NEW ORLEANS, March 13 (UPI) — A New Orleans firefighters' union official said Thursday the $195 million award the local won in a 25-year-old pay dispute need not bankrupt the city as one official has warned is possible.

Charles Rice, the city's attorney, told the New Orleans Times-Picayune the judgment could bankrupt the city if it was upheld on appeal. He said Wednesday's ruling would be appealed all the way to the Louisiana Supreme Court, if necessary.

With interest, the city's liability could grow to $360 million, according to city officials. This amounts to more than 50 percent of the New Orleans operating budget for 2003. If the award is upheld, Rice said, "It would basically bankrupt the city."

Nicholas Felton, president of New Orleans Firefighters Association Local 632, said Thursday that the judgment does not have to bankrupt the city.

"The firefighters have always acted in a very prudent manner and we will continue to act in a prudent manner," he said. "We have options for the city administrators that will not bankrupt the city. We are not looking to bankrupt the city."

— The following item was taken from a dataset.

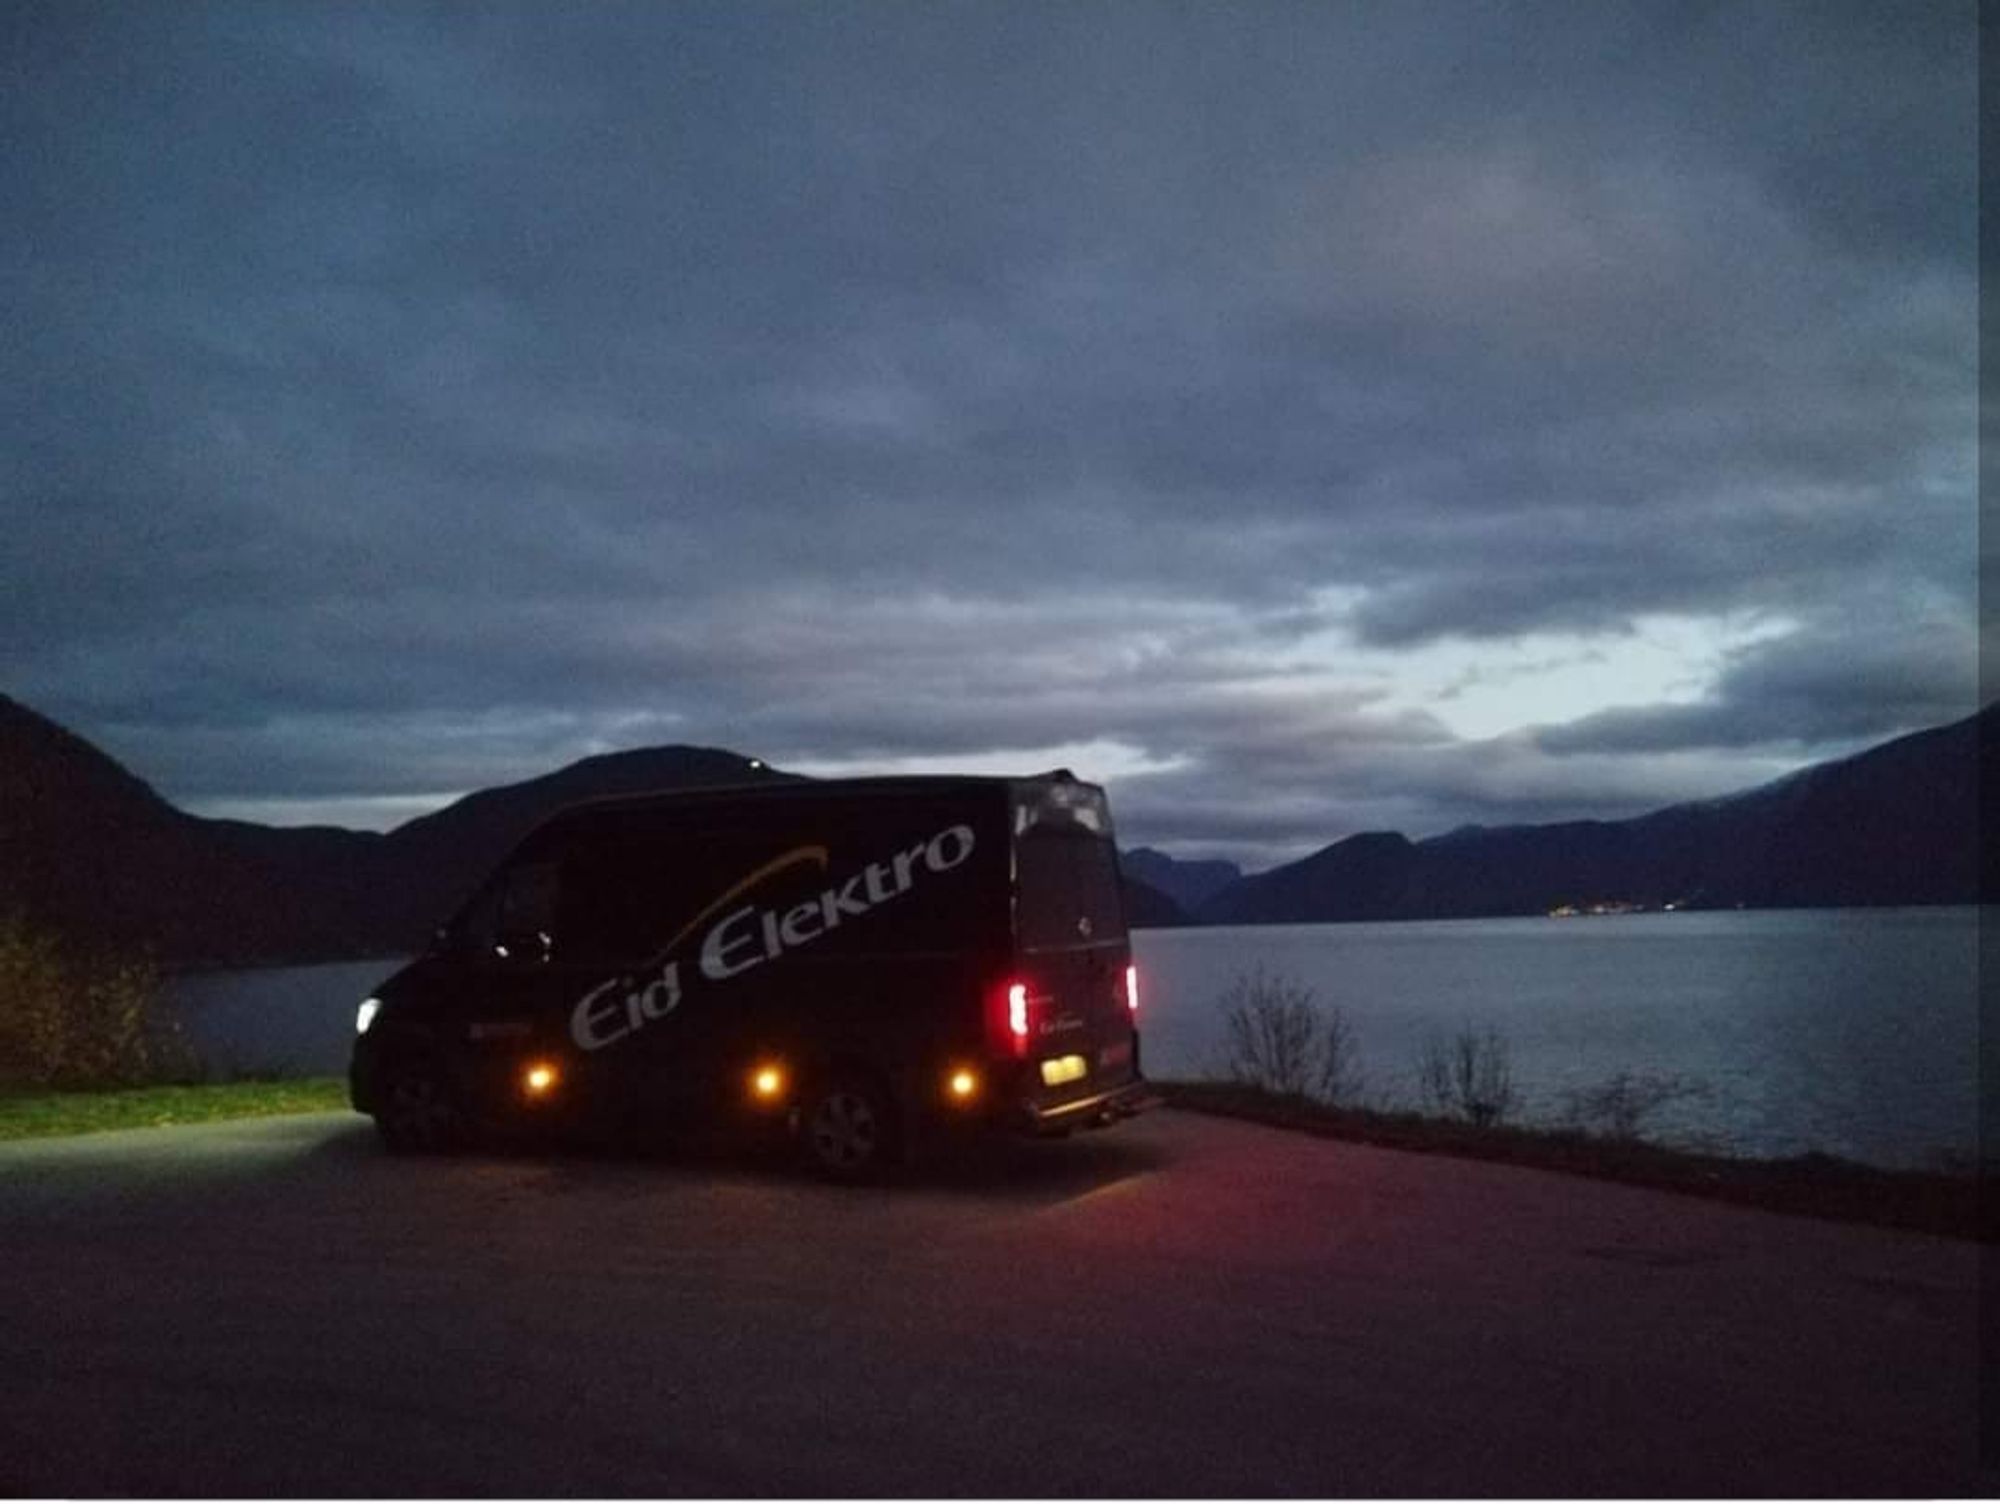 Eid Elektro bil med en fjord i bakgrunnen, det er mørkt ute.
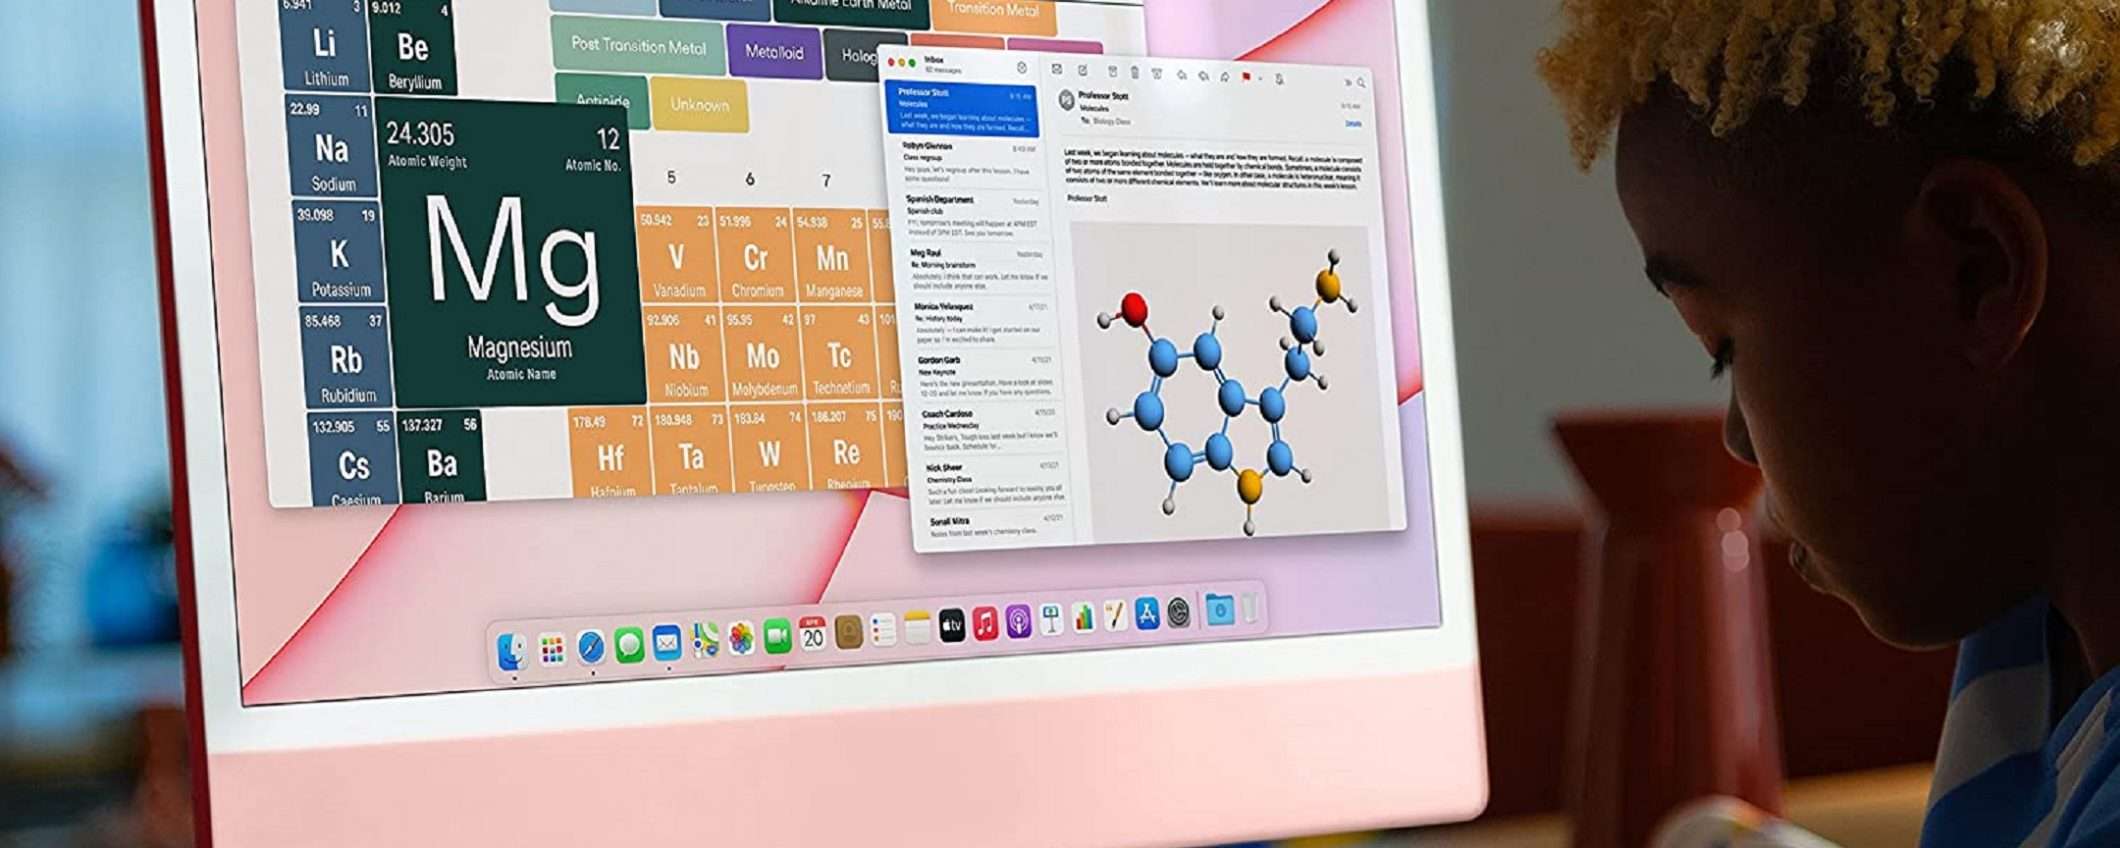 Apple iMac 2021 rosa da 512GB a un prezzo FOLLE!

Civil District Judge Roland Belsome's ruling put a price tag on the lawsuit filed by the firefighters union in 1979 to force the city to comply with a state law requiring firefighter pay systems take longevity into account.

After the state law was enacted in the 1960s, the city briefly implemented a 2 percent pay increase beginning in their third year of service. In 2000, the Louisiana Supreme Court upheld the law but the sides have continued to wrangle over retroactive pay.

The new administration of Mayor Ray Nagin agreed in January to immediately implement a longevity pay system retroactive to Jan. 1, 2002, after union attorneys asked Belsome to hold the city in contempt of court.

Under the new agreement, veteran firefighters received lump-sum payments dating back 13 months. The retroactive payments and salary adjustments this year will cost the city about $1.2 million.

In another salary dispute, Nagin and the city council denied firefighters an unrelated pay raise that went to all other city workers Jan. 1 because of uncertainty about the outcome of the 25-year-old lawsuit. About $650,000 was placed in an escrow account for the firefighters but the council has now used it to make retroactive payments.

Union officials have called the decision unfair because they are separate pay issues.